记录链接是在两个或多个数据库中匹配引用同一实体的记录的过程。在许多应用领域，从医疗保健到政府服务，要链接的数据库包含敏感的个人信息，因此不能跨组织共享。隐私保护记录链接（PPRL）旨在通过促进已编码或加密的记录的比较来克服这一挑战，从而允许在不共享任何敏感数据的情况下进行链接。虽然已经开发了各种PPRL技术，但它们中的大多数都没有适当地解决隐私问题，例如与密码分析攻击有关的编码数据的各种漏洞。此外，现有的PPRL方法没有提供用户应该如何设置所需的各种参数的概念分析，这可能导致在链接质量和隐私保护方面的次优结果。本文提出了一种新的PPRL编码方法，该方法使用参考q-gram集来生成表示敏感值的位数组。我们的方法需要一个用户参数来决定链接质量、可伸缩性和隐私之间的权衡。所有其他参数要么是数据驱动的，要么具有基于用户集参数的强边界。此外，我们的方法解决了长度、频率和基于模式的PPRL漏洞，这些漏洞被现有的PPRL攻击所利用。我们从概念上分析了我们的方法，并使用多个数据库对其进行了实验评估。结果表明，该方法既具有较高的链接质量，又具有较强的隐私保护能力。

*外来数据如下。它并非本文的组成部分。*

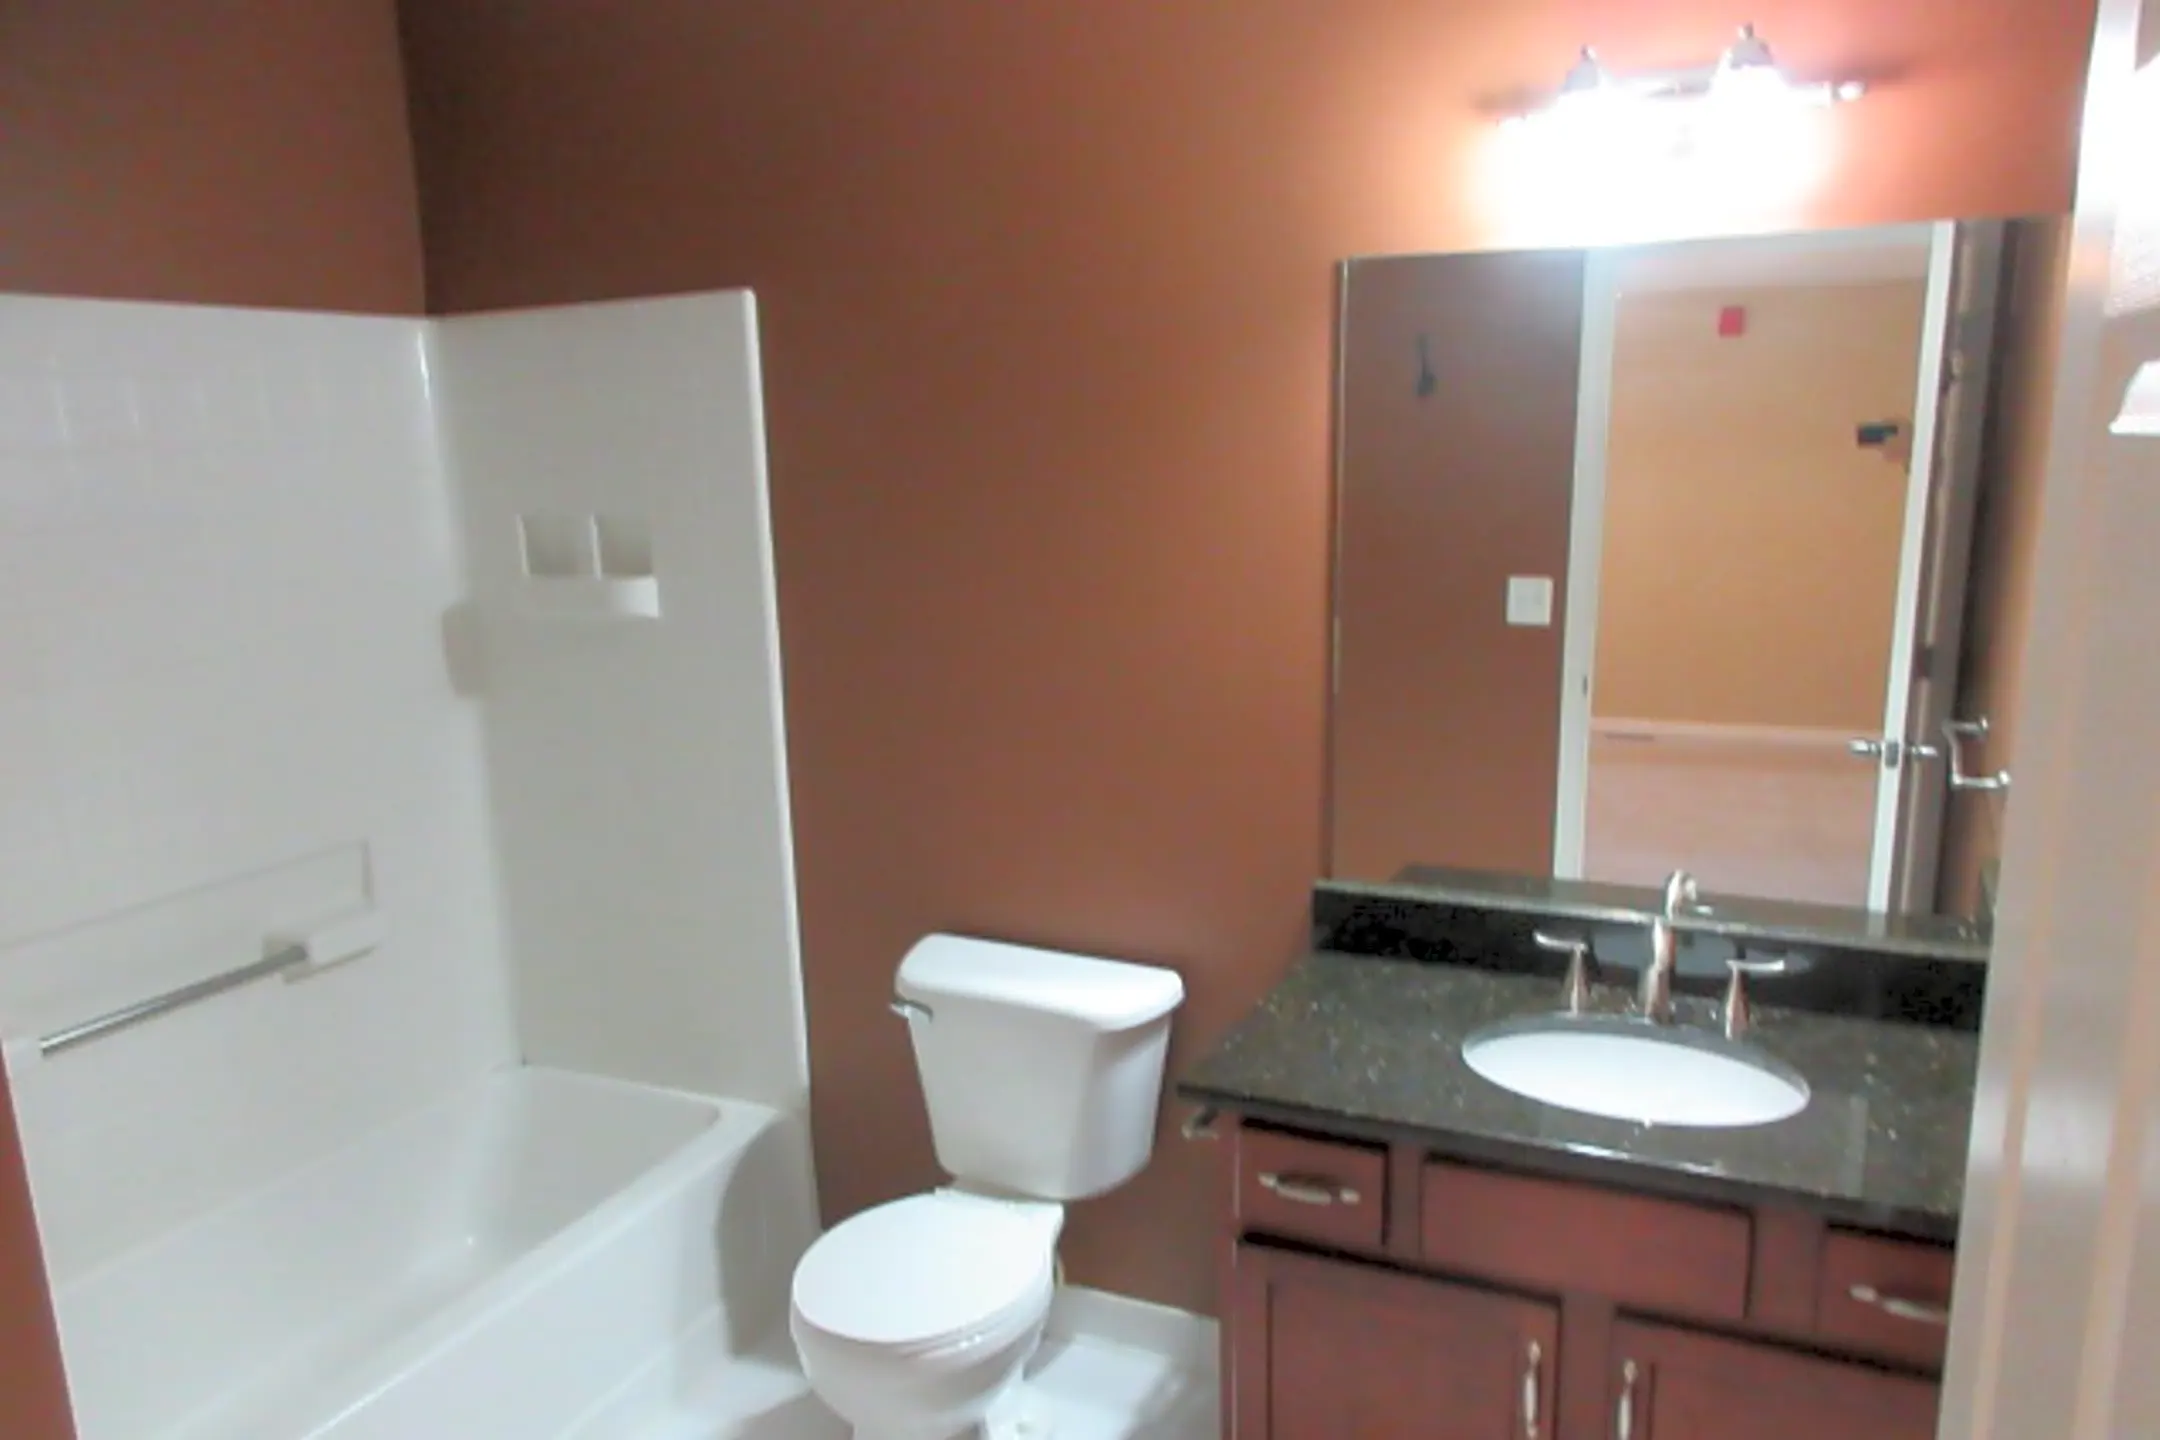 Bathroom - 25640 Portico Lane - Novi, MI

本文章由计算机程序翻译，如有差异，请以英文原文为准。

查看原文本刊更多论文

Privacy-preserving record linkage using reference set based encoding: A single parameter method

Record linkage is the process of matching records that refer to the same entity across two or more databases. In many application areas, ranging from healthcare to government services, the databases to be linked contain sensitive personal information, and hence, cannot be shared across organisations. Privacy-Preserving Record Linkage (PPRL) aims to overcome this challenge by facilitating the comparison of records that have been encoded or encrypted, thereby allowing linkage without the need of sharing any sensitive data. While various PPRL techniques have been developed, most of them do not properly address privacy concerns, such as the various vulnerabilities of encoded data with regard to cryptanalysis attacks. Existing PPRL methods, furthermore, do not provide conceptual analyses of how a user should set the various parameters required, possibly leading to sub-optimal results with regard to both linkage quality and privacy protection. Here we present a novel encoding method for PPRL that employs reference q-gram sets to generate bit arrays that represent sensitive values. Our method requires a single user parameter that determines a trade-off between linkage quality, scalability, and privacy. All other parameters are either data driven or have strong bounds based on the user-set parameter. Furthermore, our method addresses the length, frequency, and pattern-based PPRL vulnerabilities that are exploited by existing PPRL attacks. We conceptually analyse our method and experimentally evaluate it using multiple databases. Our results show that our method provides robust results for both high linkage quality and strong privacy protection.

求助全文

通过发布文献求助，成功后即可免费获取论文全文。去求助

来源期刊

Information Systems 工程技术-计算机：信息系统

CiteScore

9.40

自引率

2.70%

发文量

112

审稿时长

53 days

期刊介绍： Information systems are the software and hardware systems that support data-intensive applications. The journal Information Systems publishes articles concerning the design and implementation of languages, data models, process models, algorithms, software and hardware for information systems. Subject areas include data management issues as presented in the principal international database conferences (e.g., ACM SIGMOD/PODS, VLDB, ICDE and ICDT/EDBT) as well as data-related issues from the fields of data mining/machine learning, information retrieval coordinated with structured data, internet and cloud data management, business process management, web semantics, visual and audio information systems, scientific computing, and data science. Implementation papers having to do with massively parallel data management, fault tolerance in practice, and special purpose hardware for data-intensive systems are also welcome. Manuscripts from application domains, such as urban informatics, social and natural science, and Internet of Things, are also welcome. All papers should highlight innovative solutions to data management problems such as new data models, performance enhancements, and show how those innovations contribute to the goals of the application.